On 9/2/21 8:10 PM, Barrett Adair wrote:
Thanks for the feedback, Jason. Coming back to this today, The problem
appears much deeper than I realized. I've attached another WIP version
of the patch, including a couple of new test cases based on your
feedback (for now, please excuse any misformatted dg-error comments).
The dependent-name16.C case demonstrates an error message regression
caused by this patch; I'm trying to fix the regression. When compiling
dependent-name16.C and breaking at cp/tree.c:3922, DECL_CONTEXT(t2) is
NULL because the "g" declaration is still being parsed near the top of
cp_parser_init_declarator, and context is only set later during that
function. DECL_CONTEXT(t1), on the other hand, is set because the "f"
declaration was already parsed.
I'm beginning to believe that a proper solution to this problem would
require decorating the function template type parameter nodes with more
function information (e.g. at least scope and name) prior to parsing the
trailing return type, if not somehow setting the DECL_CONTEXT earlier in
some form -- am I missing something?
Perhaps comparing DECL_SOURCE_LOCATION would be useful?
But actually, I suspect you're approaching this the wrong way: the
problem in canon-type-15.C is "internal compiler error: canonical types
differ for identical types ‘size_c<sizeof (t)>’ and ‘size_c<sizeof (t)>’".
The intent is that template arguments involving with distinct but
equivalent arguments should themselves be distinct but equivalent:
different tree nodes, but the same TYPE_CANONICAL.
That isn't happening here: they're different tree nodes and have
different TYPE_CANONICAL, so they're considered non-equivalent, but
structurally compare as equivalent, so we get the ICE above.

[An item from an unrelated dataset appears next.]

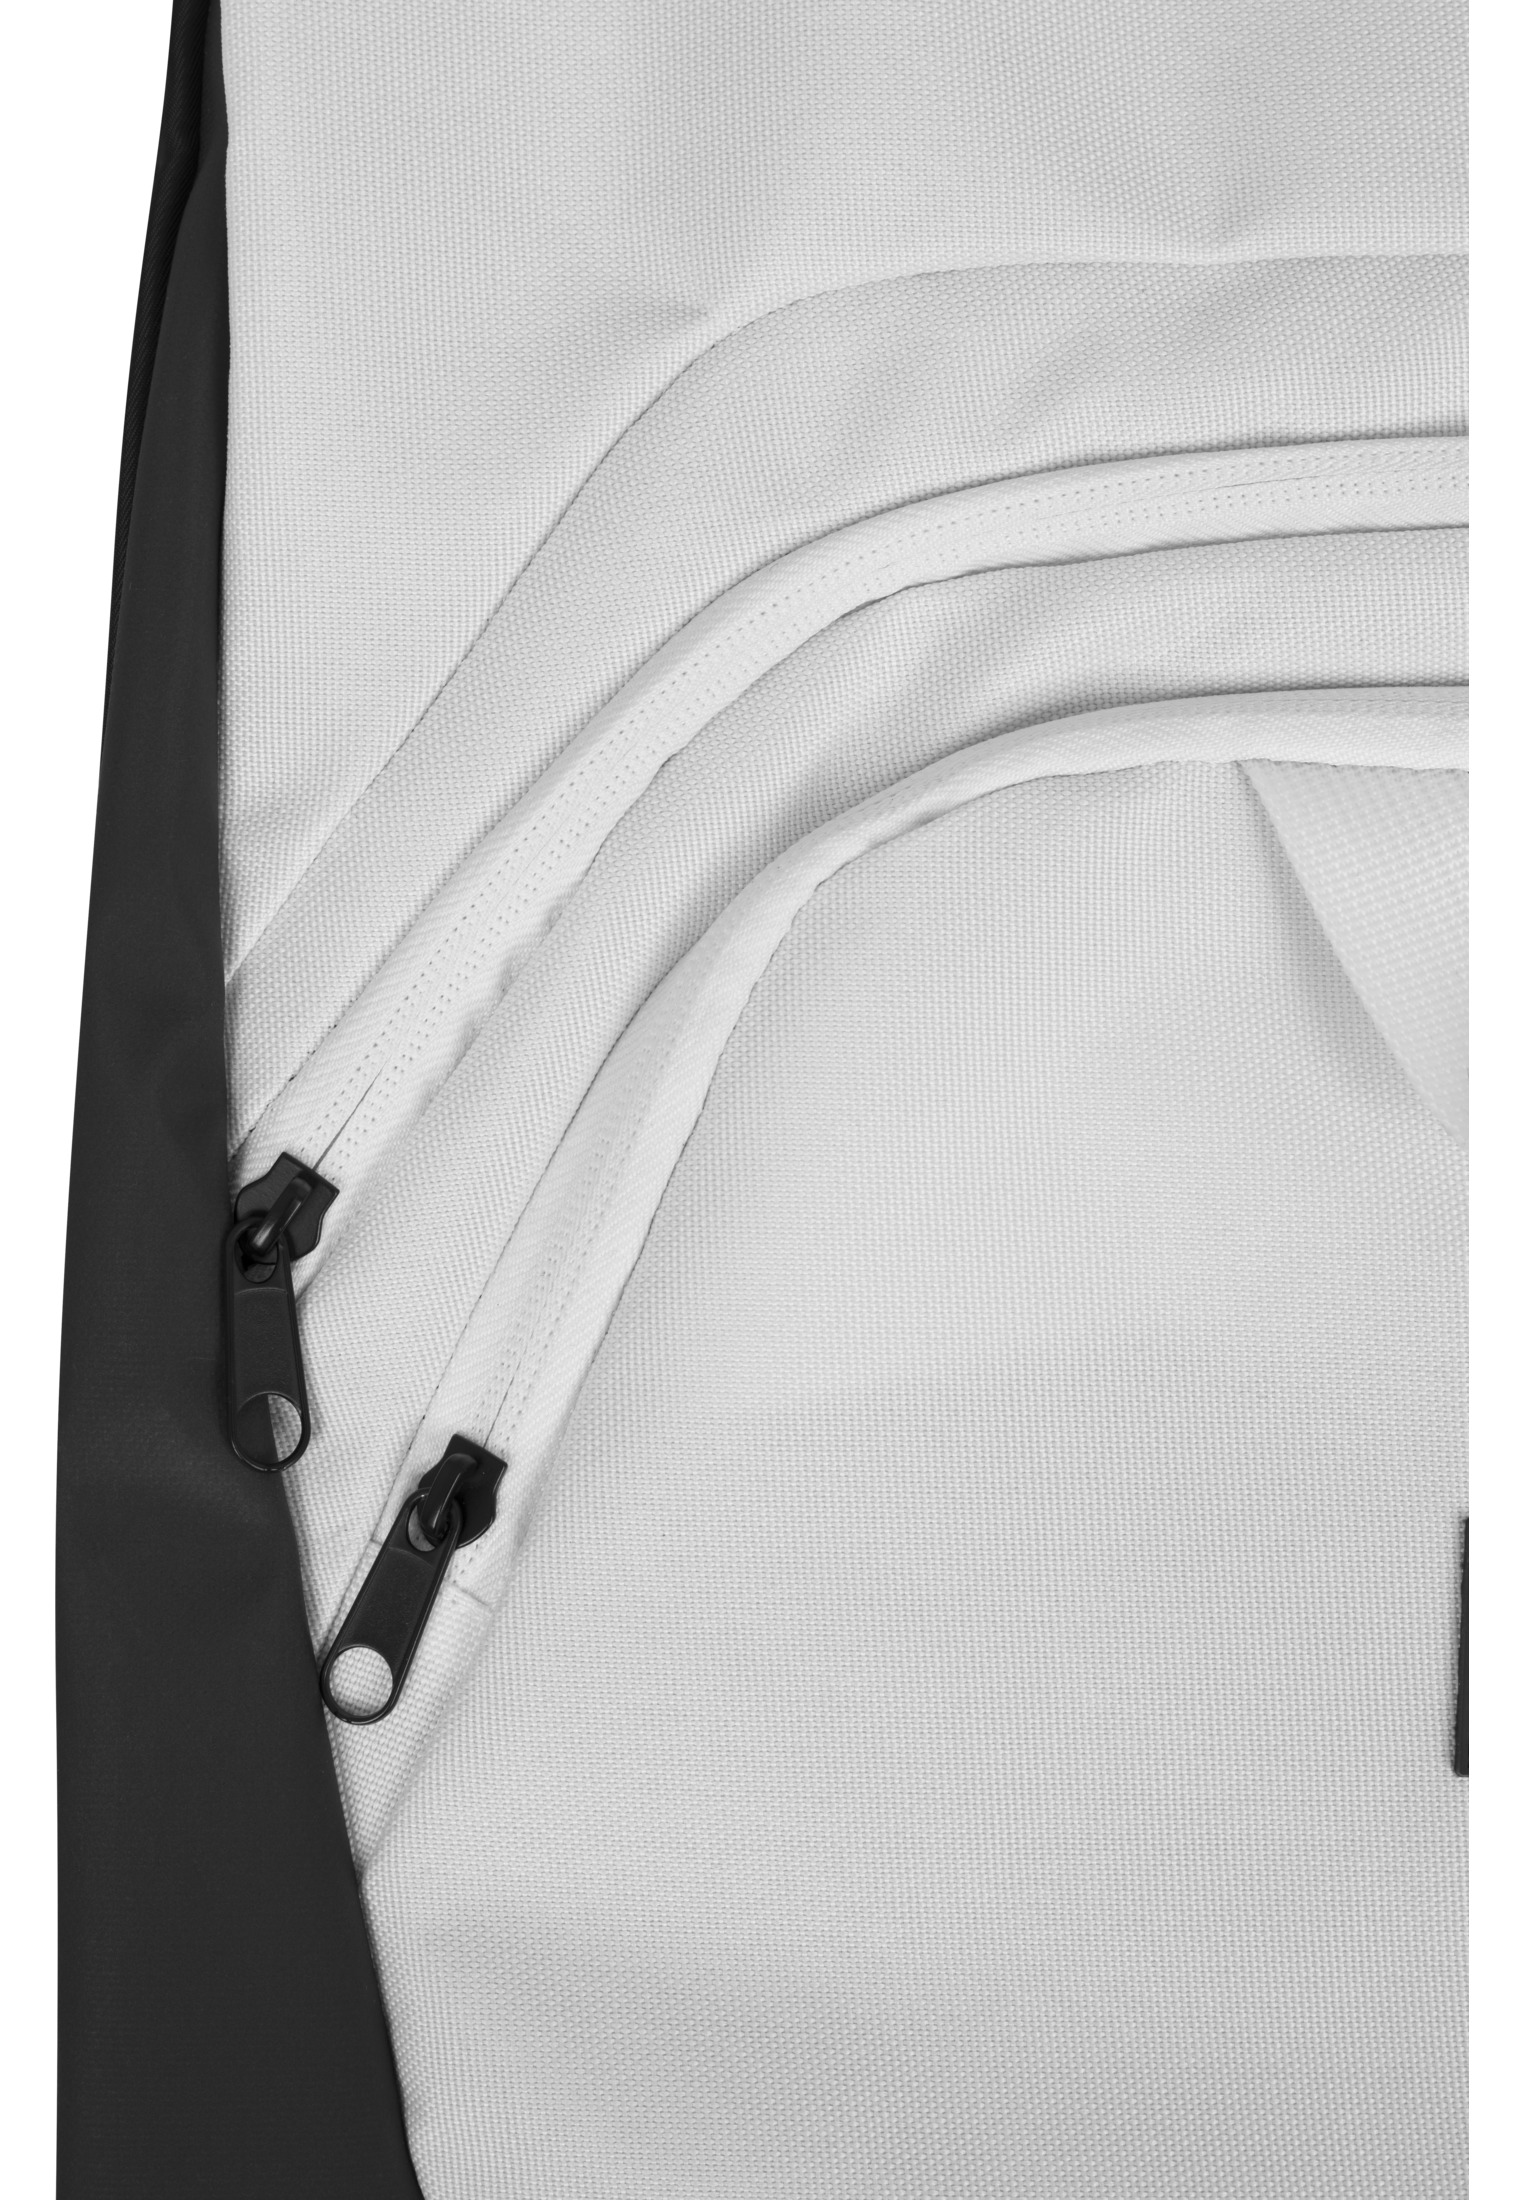 Taschen Ball Gym Bag in Farbe black/white/white
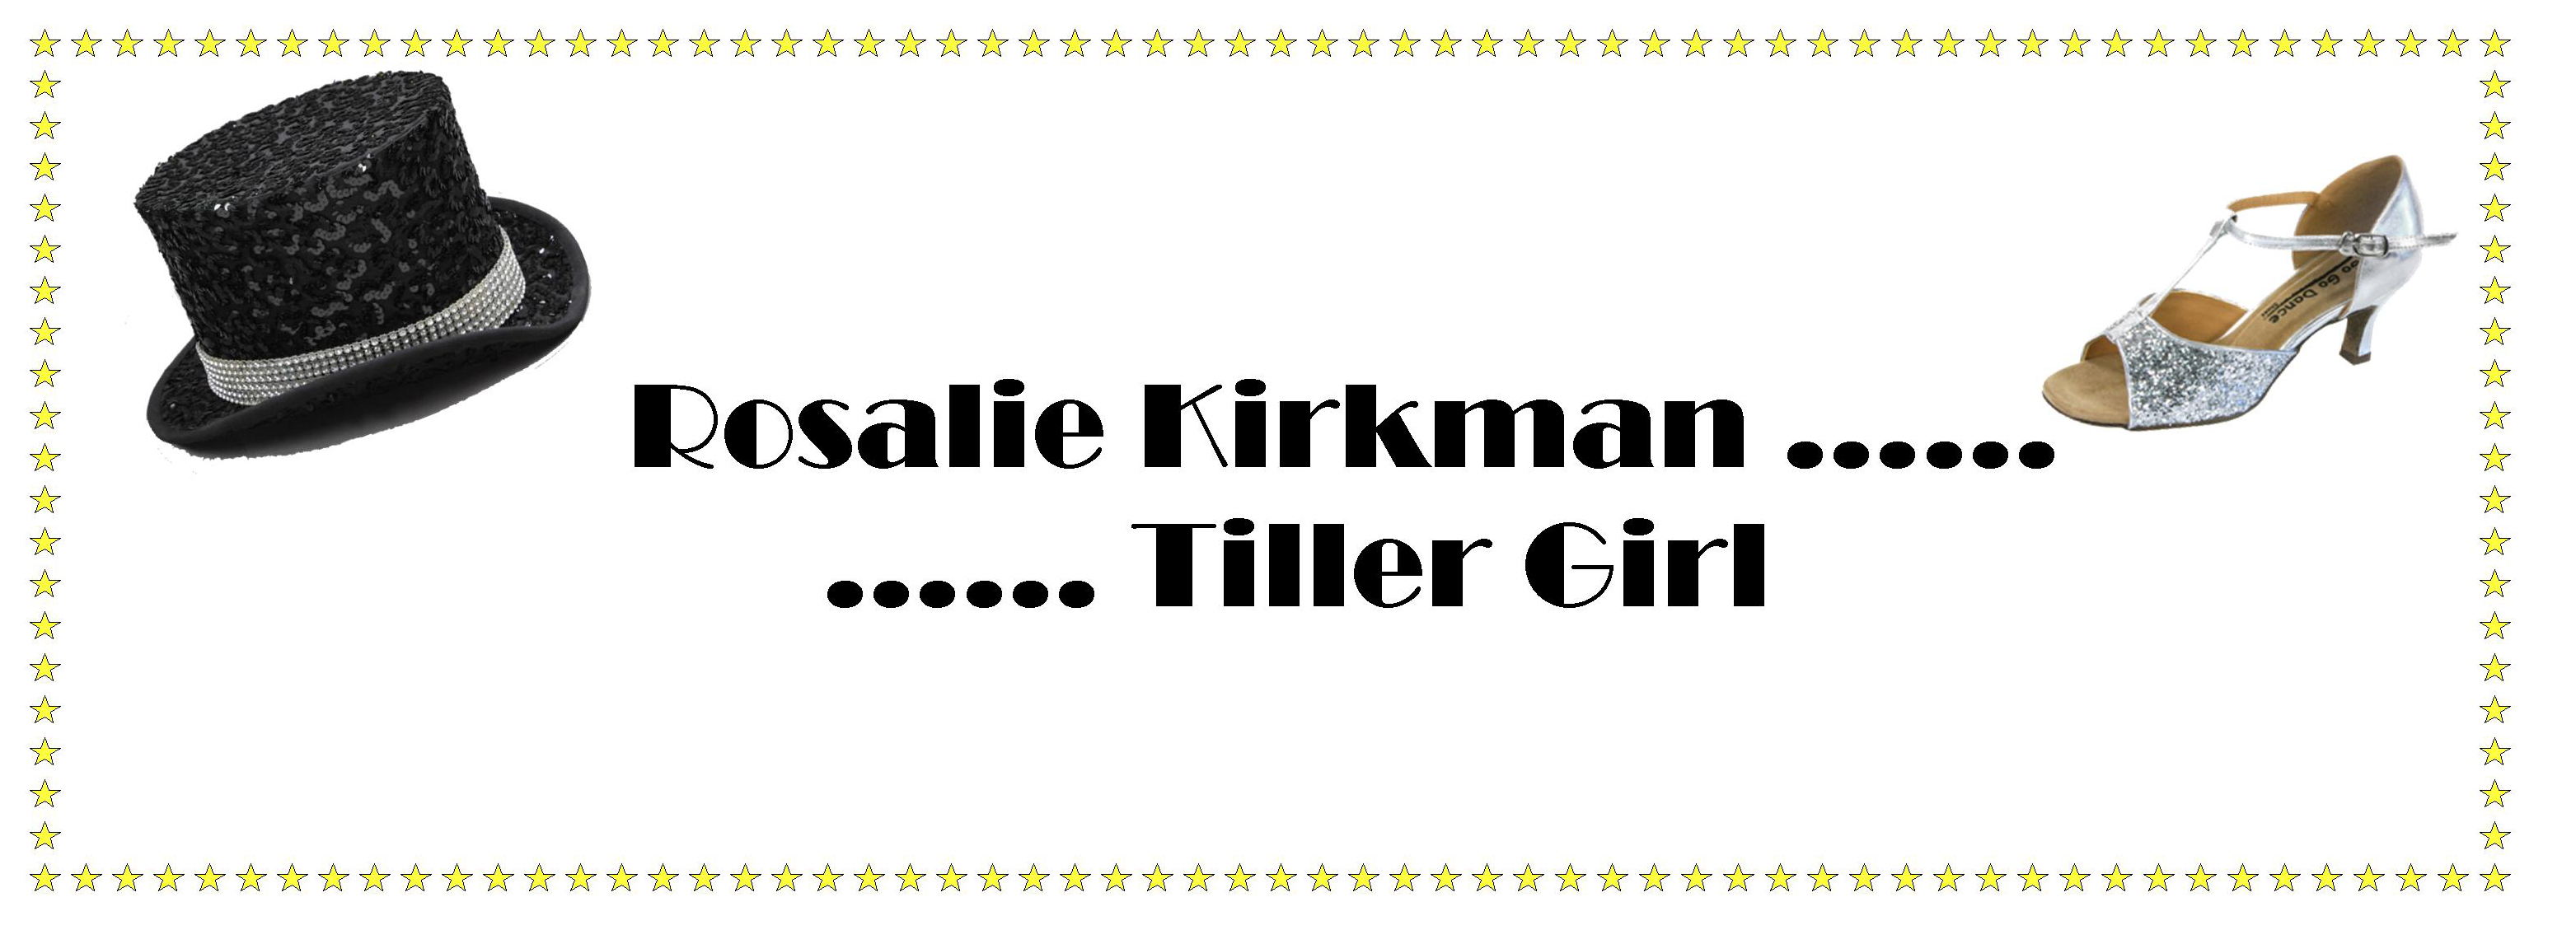 Rosalie Kirkman Tiller Girl

We need to
fix TYPE_CANONICAL to match.
I think a straightforward approach would be to make
any_template_arguments_need_structural_equality_p return true if one of
the template arguments involves a function parameter, so that
TYPE_CANONICAL gets set to 0 and we always do structural comparison in
that context.
Also, in the first place, I'm a little confused why we insert
dependent-arg instantiations into the specialization/instantiation hash
tables before any top-level instantiation occurs. From a bird's eye
view, the benefit/necessity of this design is unclear. Can anyone point
me to some background reading here?
So that whenever we write e.g. A<T> we get the same type node.